File Output Handling¶

When --output-file is specified:

Write result text to file
Prepend provenance markers (unless --no-provenance)
Use appropriate format (markdown, JSON, etc.)
Print success message to stderr
Print JSON response to stdout (for client parsing)

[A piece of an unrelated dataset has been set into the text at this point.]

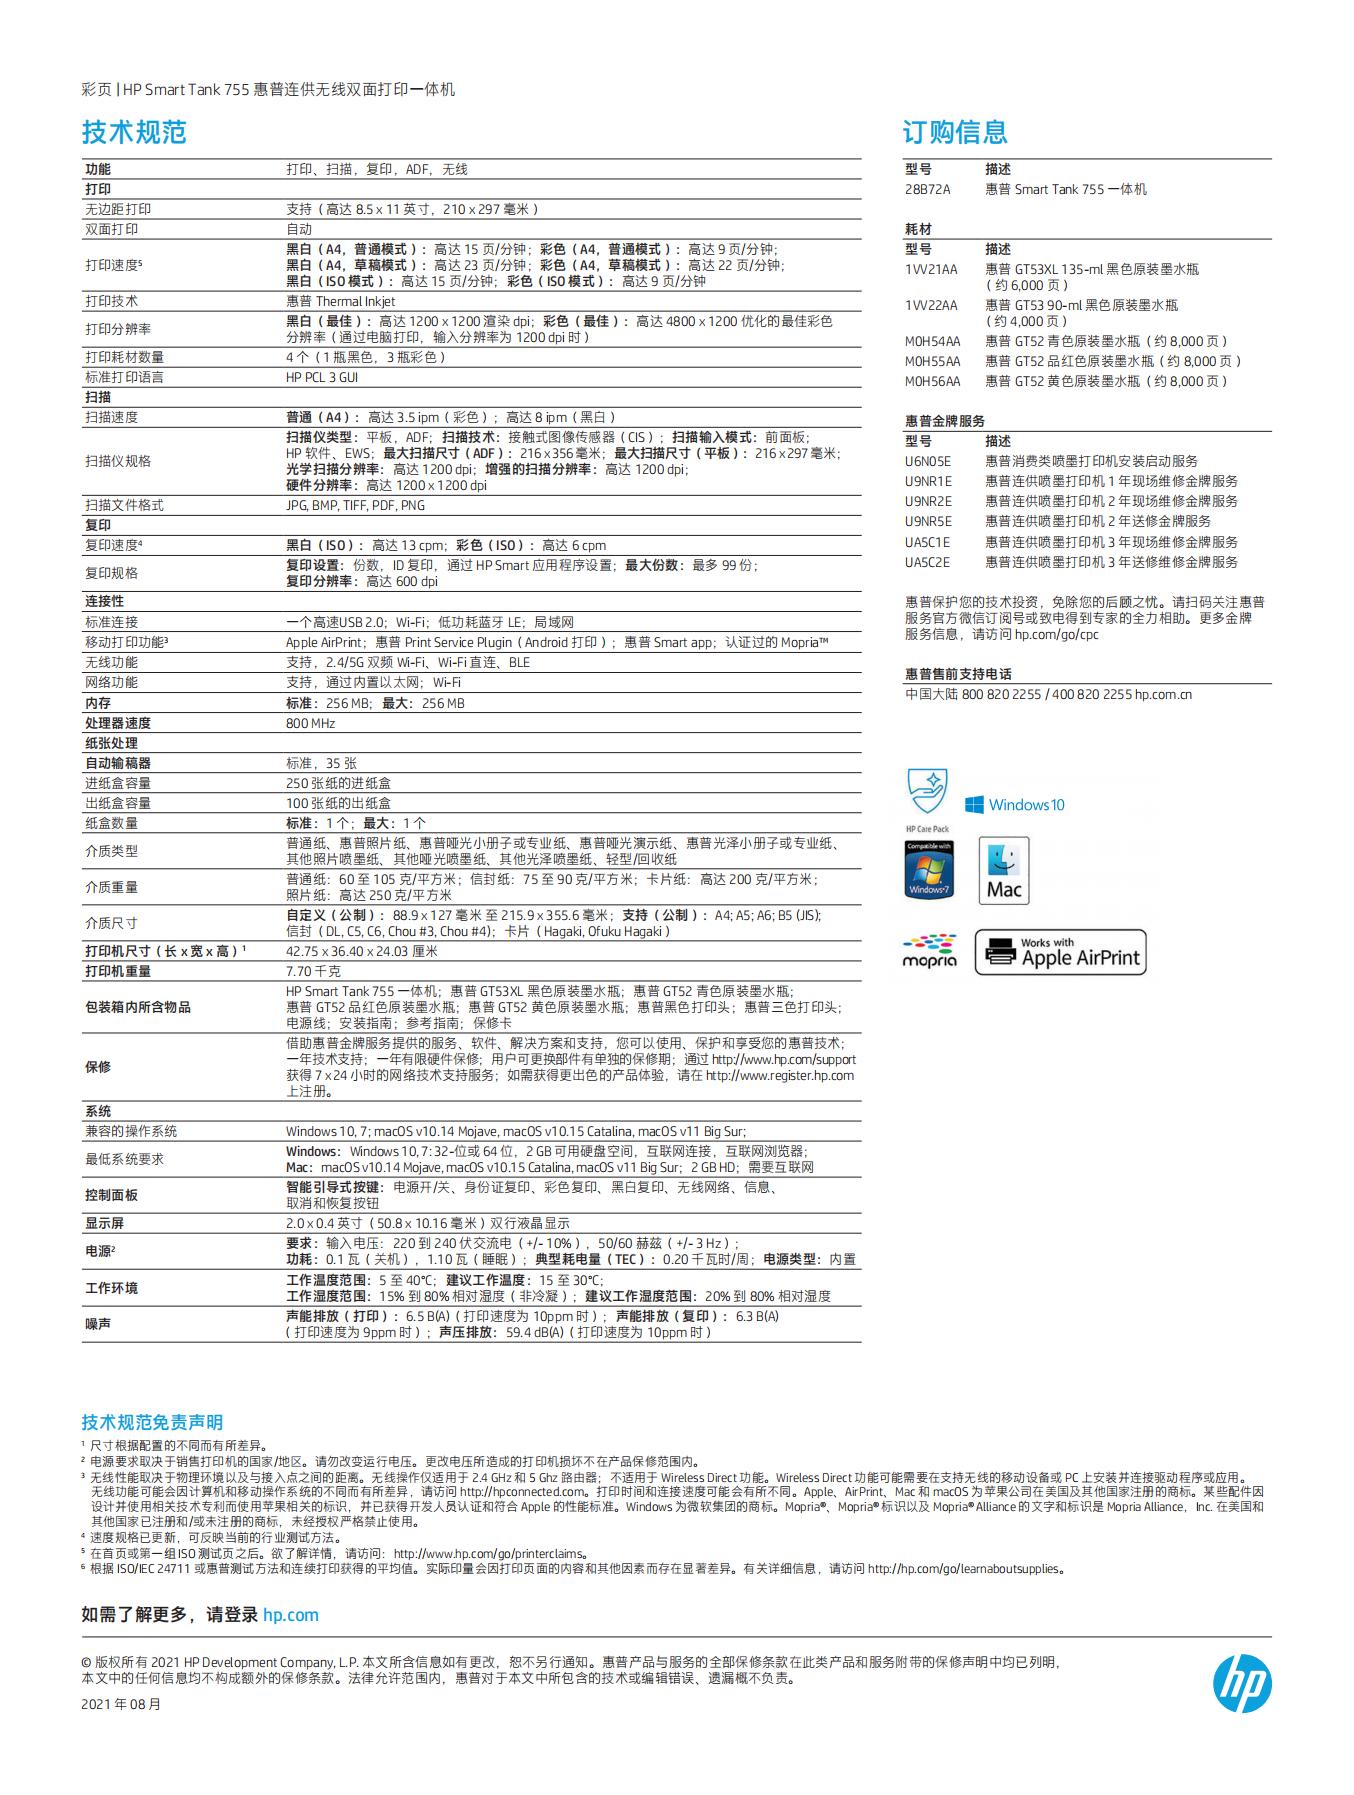 HP Tank755 产品彩页_01.jpg
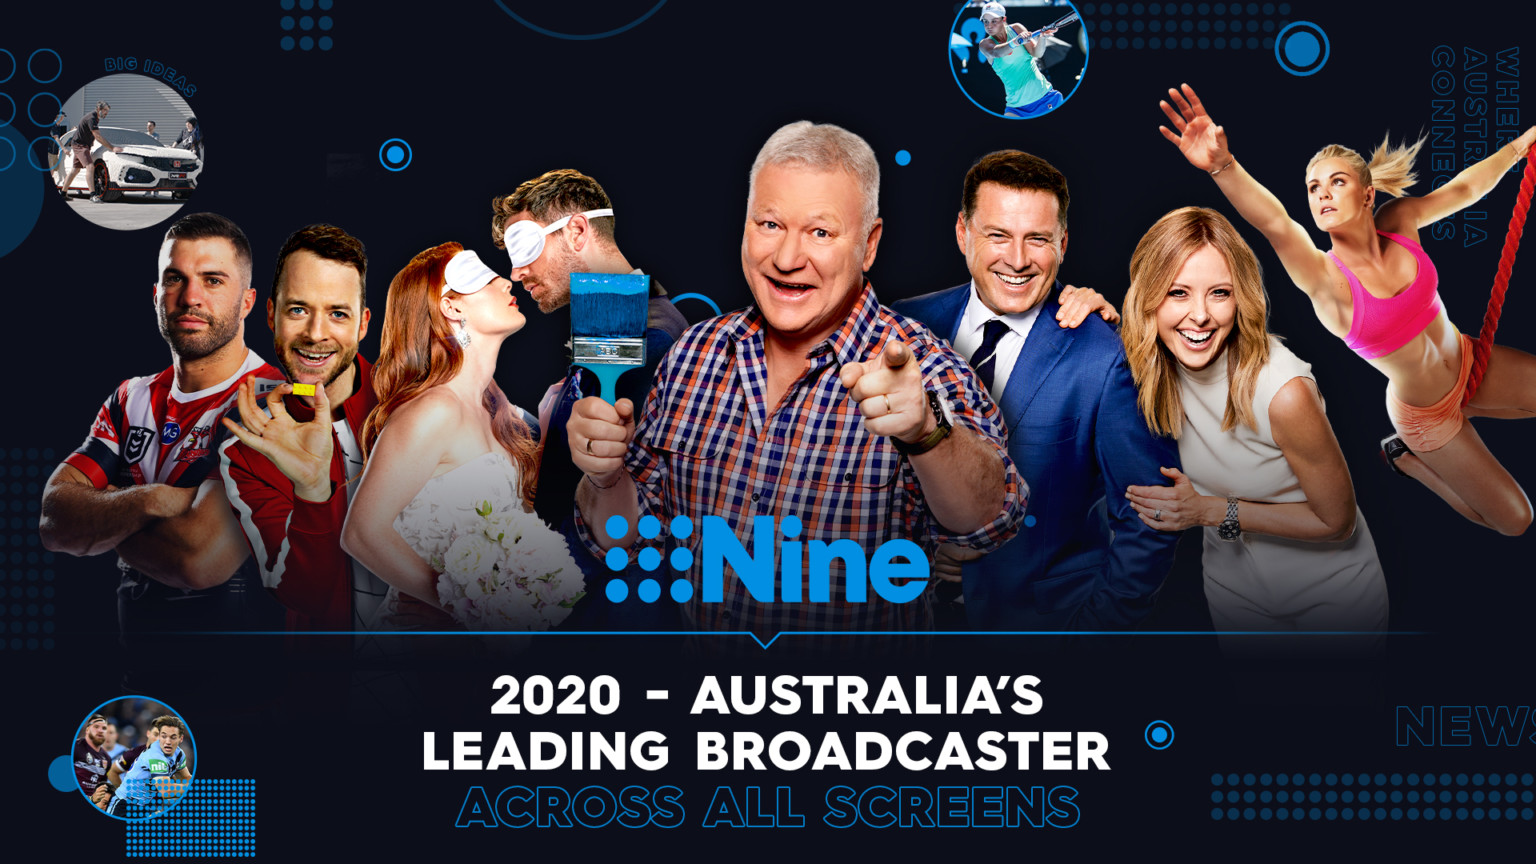 Nine is Australia's leading broadcaster across all screens Nine for

Provenance Marker Format (YAML frontmatter):

---
tnh_scholar_generated: true
prompt_key: translate
prompt_version: "1.0.0"
model: gpt-4o
fingerprint: sha256:abc123...
trace_id: 01HQXYZ123ABC
generated_at: "2025-12-28T10:30:03Z"
schema_version: "1.0"
---

[Generated content follows...]

Examples¶

# Simple translation with inline variables
tnh-gen run --prompt translate \
  --input-file teaching.md \
  --var source_language=vi \
  --var target_language=en \
  --output-file teaching.en.md

# Complex variables via JSON file
tnh-gen run --prompt summarize \
  --input-file lecture.md \
  --vars config.json \
  --output-file lecture.summary.md

# Override model
tnh-gen run --prompt translate \
  --input-file teaching.md \
  --vars vars.json \
  --model gpt-4o \
  --output-file teaching.translate.md

# JSON output for scripting
tnh-gen --api run --prompt extract_quotes \
  --input-file teaching.md > output.json

`tnh-gen config`¶

Manage configuration settings with hierarchical precedence.

Synopsis¶

tnh-gen config SUBCOMMAND [OPTIONS]

Subcommands¶

tnh-gen config show              # Display current configuration
tnh-gen config get KEY           # Get specific config value
tnh-gen config set KEY VALUE     # Set config value
tnh-gen config list              # List all config keys

Configuration Sources and Precedence¶

Configuration loaded in this order (highest to lowest precedence):

CLI flags (e.g., --model gpt-4o)
Workspace config (.vscode/tnh-scholar.json or local project config)
User config (~/.config/tnh-scholar/config.json)
Environment variables (TNH_GENAI_MODEL, OPENAI_API_KEY, TNH_PROMPT_DIR)
Defaults (defined in GenAI Service and prompt system)

Configuration Schema¶

{
  "prompt_catalog_dir": "/path/to/prompts",
  "default_model": "gpt-4o-mini",
  "max_dollars": 0.30,
  "max_input_chars": 50000,
  "default_temperature": 0.2,
  "provider_api_keys": {
    "openai": "$OPENAI_API_KEY",
    "anthropic": "$ANTHROPIC_API_KEY"
  }
}

Note: API keys can reference environment variables using $VAR_NAME syntax.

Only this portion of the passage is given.